■ TASK REQUIREMENTS:
Once the line with "Fancy cut salt" is found, write it out along with each later line exactly, through the end of the entries, skipping every picture.

(Recorded data)
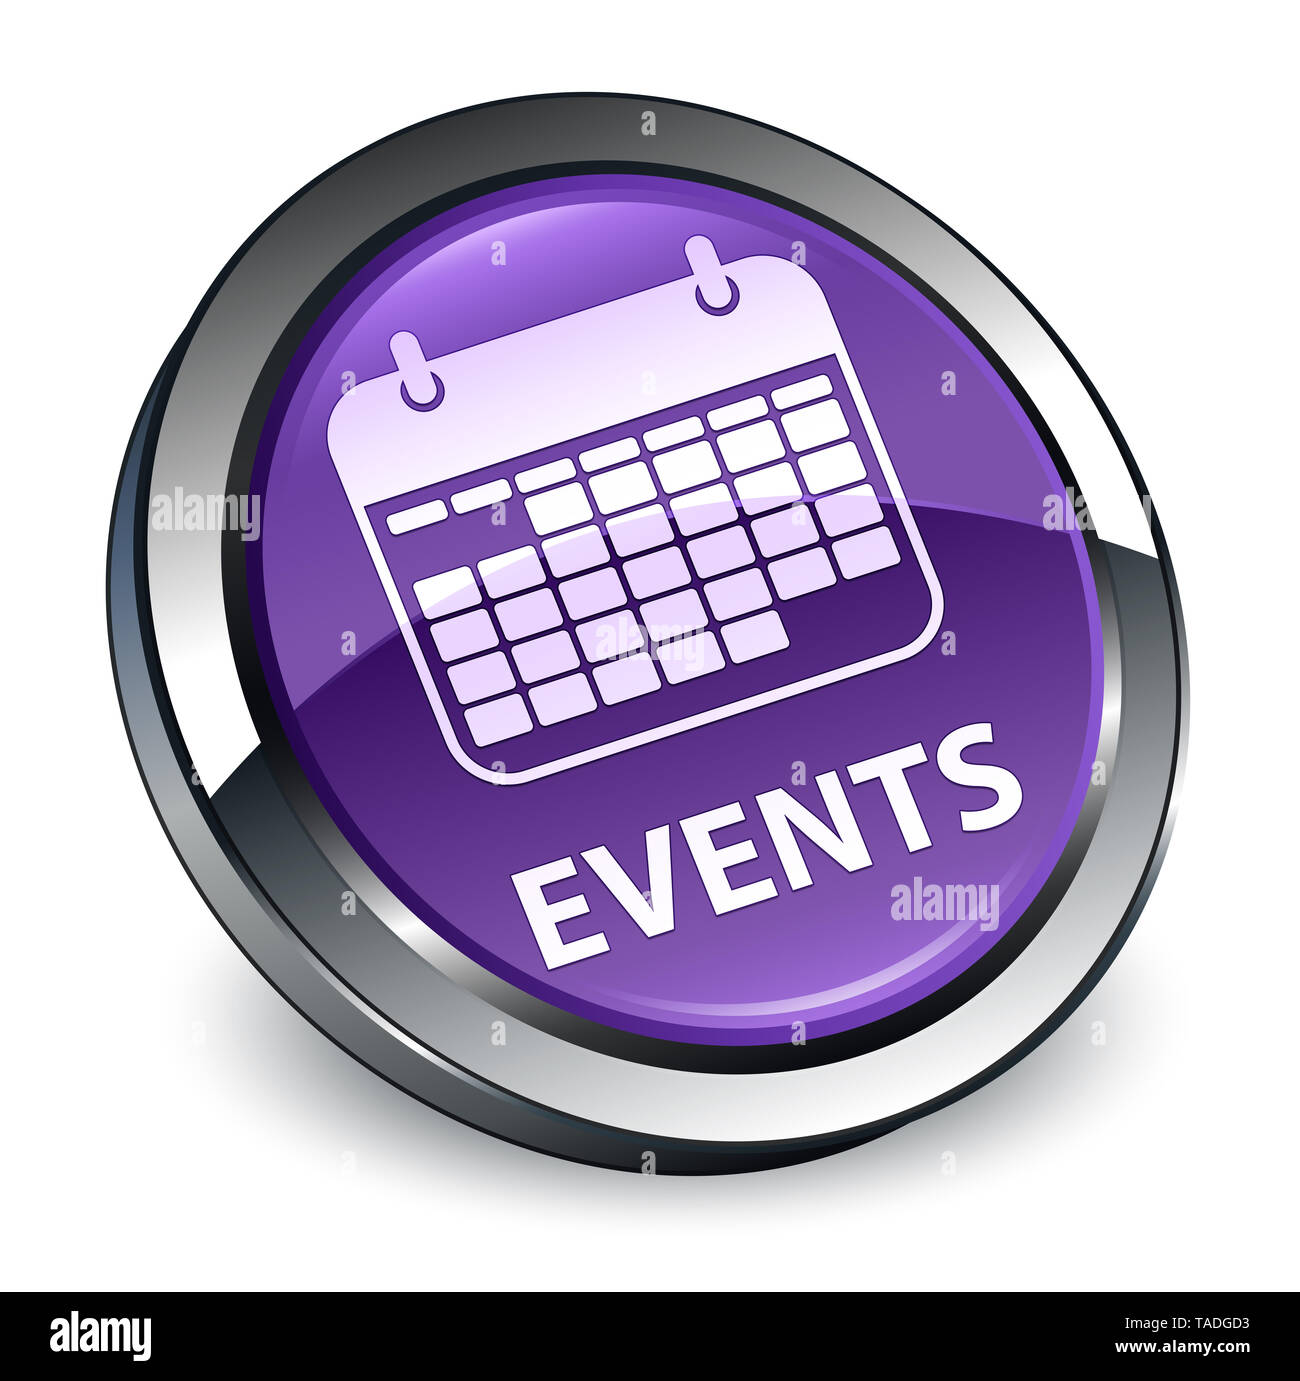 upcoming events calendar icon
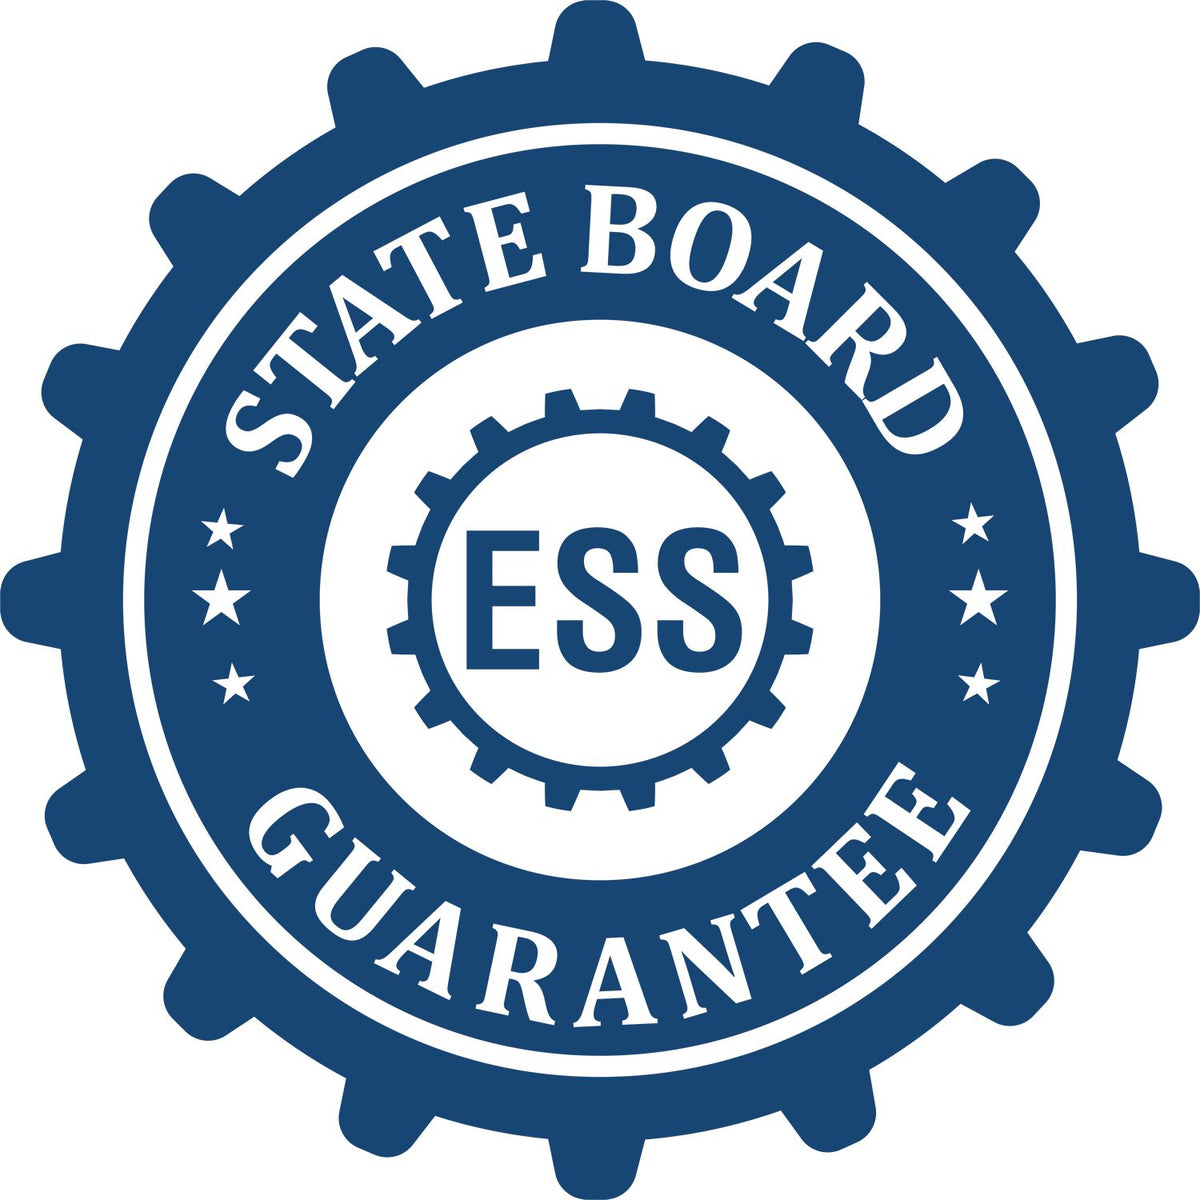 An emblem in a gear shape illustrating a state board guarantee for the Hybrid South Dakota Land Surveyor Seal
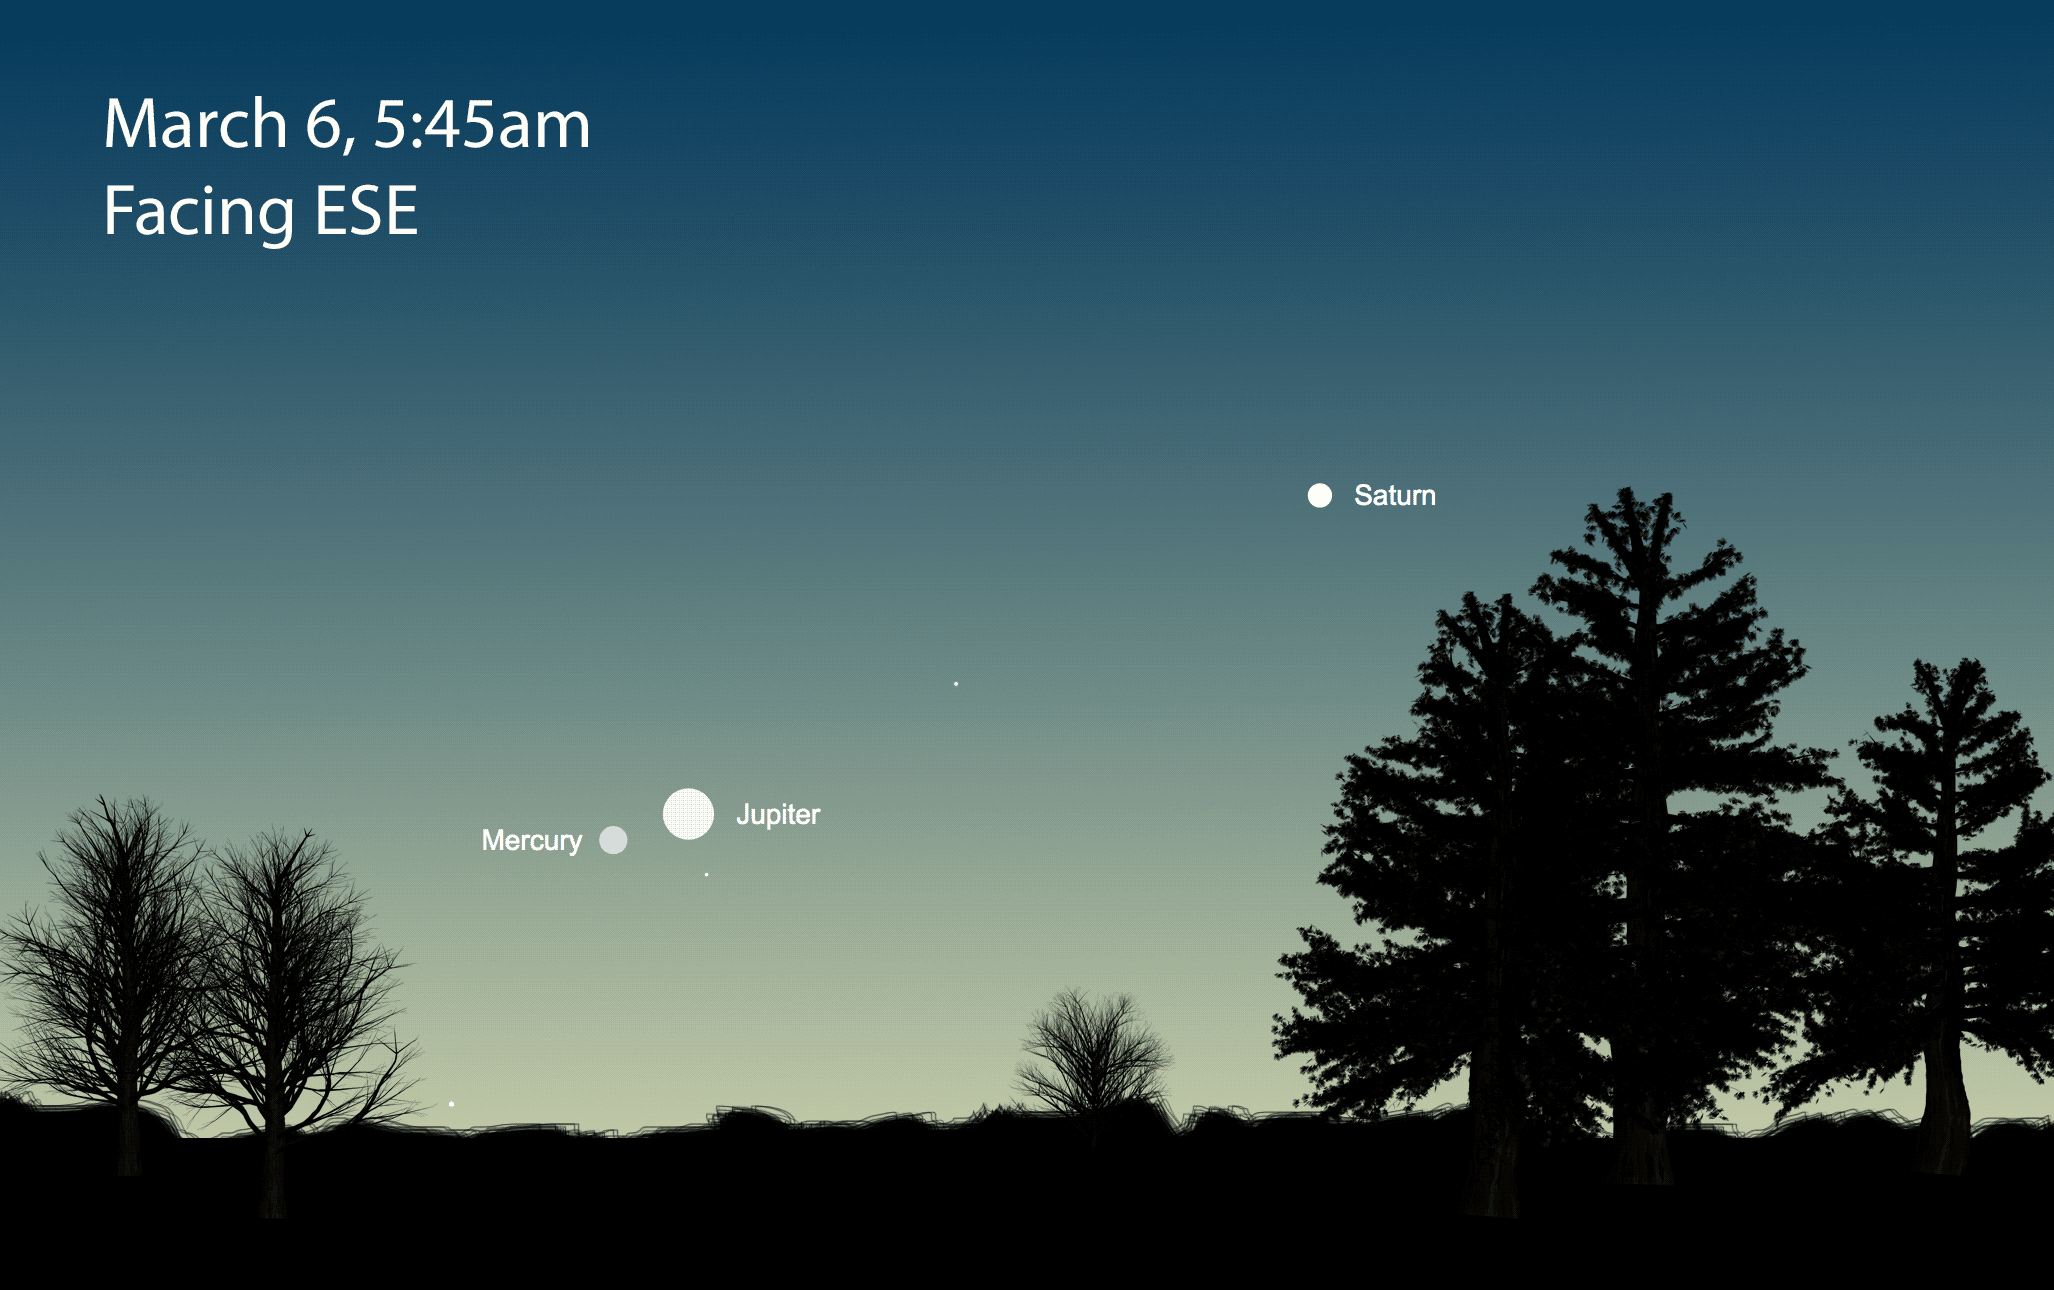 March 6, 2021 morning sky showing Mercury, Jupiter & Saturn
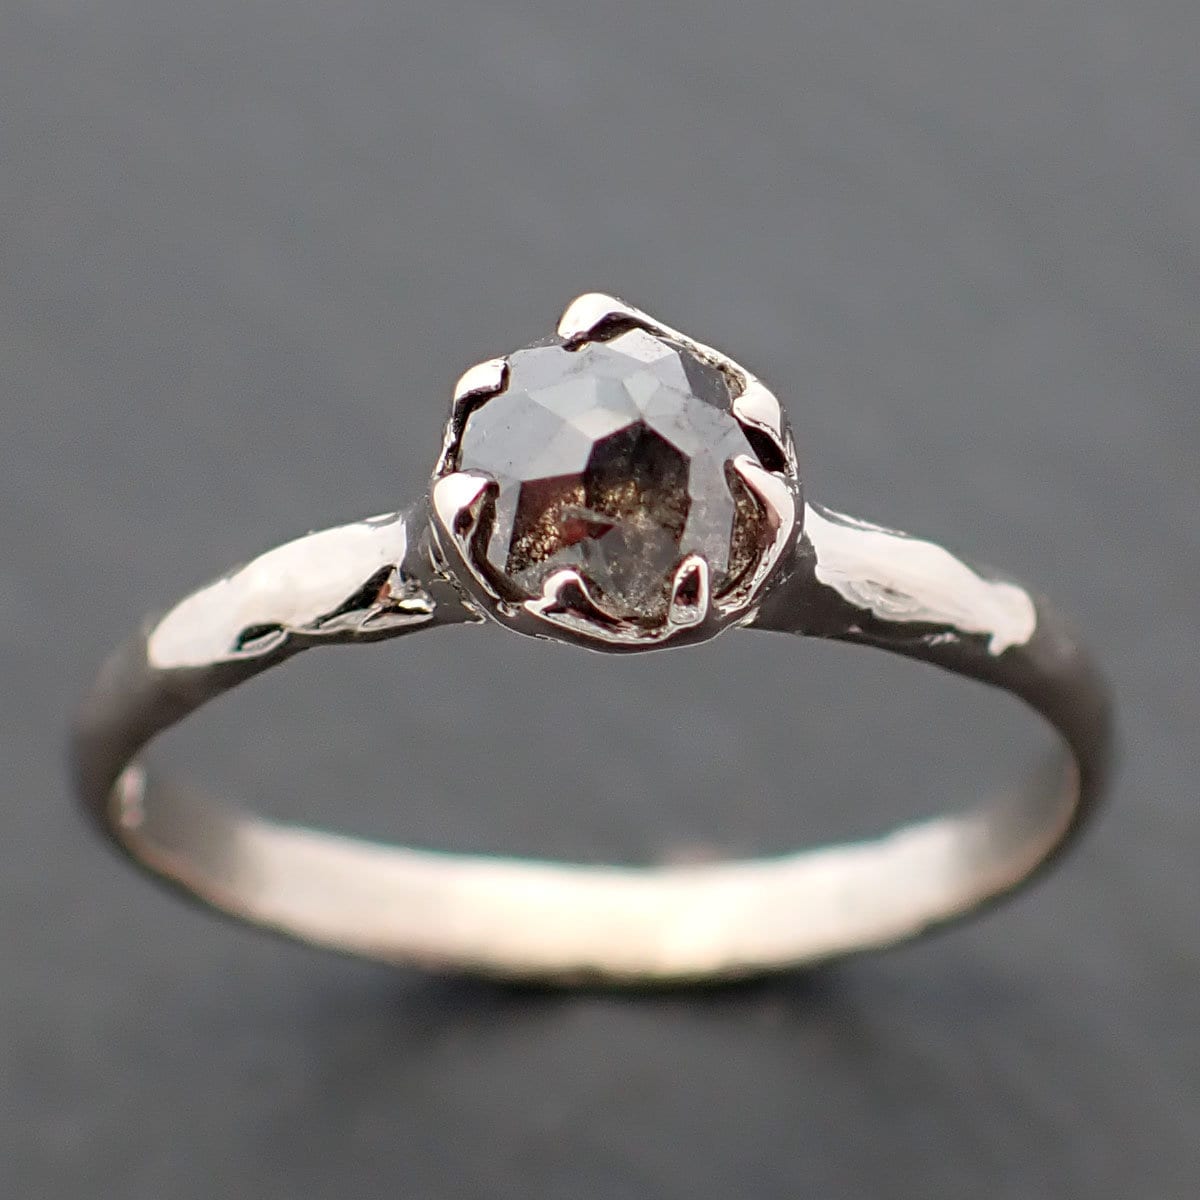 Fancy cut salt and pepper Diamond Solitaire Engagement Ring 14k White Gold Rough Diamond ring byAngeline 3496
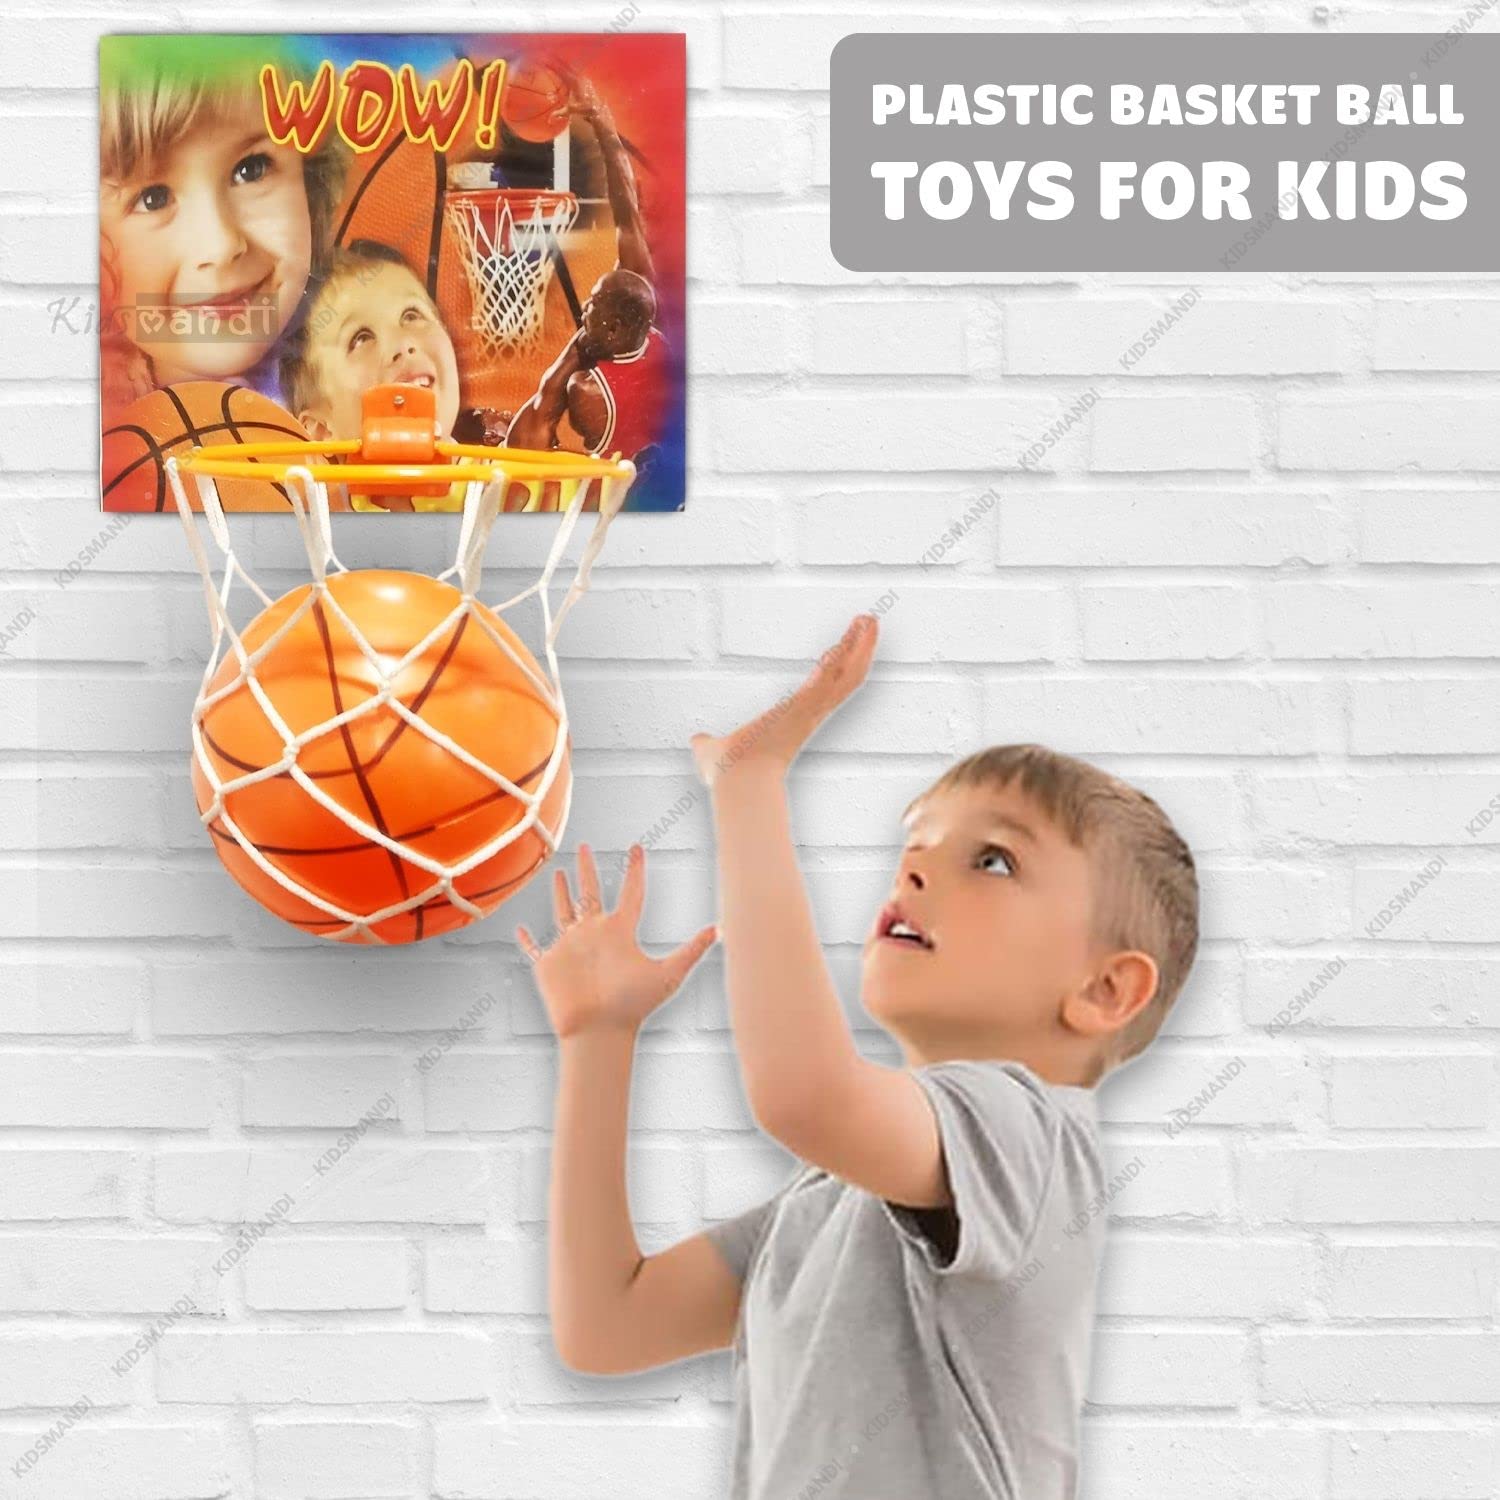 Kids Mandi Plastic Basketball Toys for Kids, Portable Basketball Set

■ EXERCISE ANSWER:
 Fancy cut salt and pepper Diamond Solitaire Engagement Ring 14k White Gold Rough Diamond ring byAngeline 3496
 Kids Mandi Plastic Basketball Toys for Kids, Portable Basketball Set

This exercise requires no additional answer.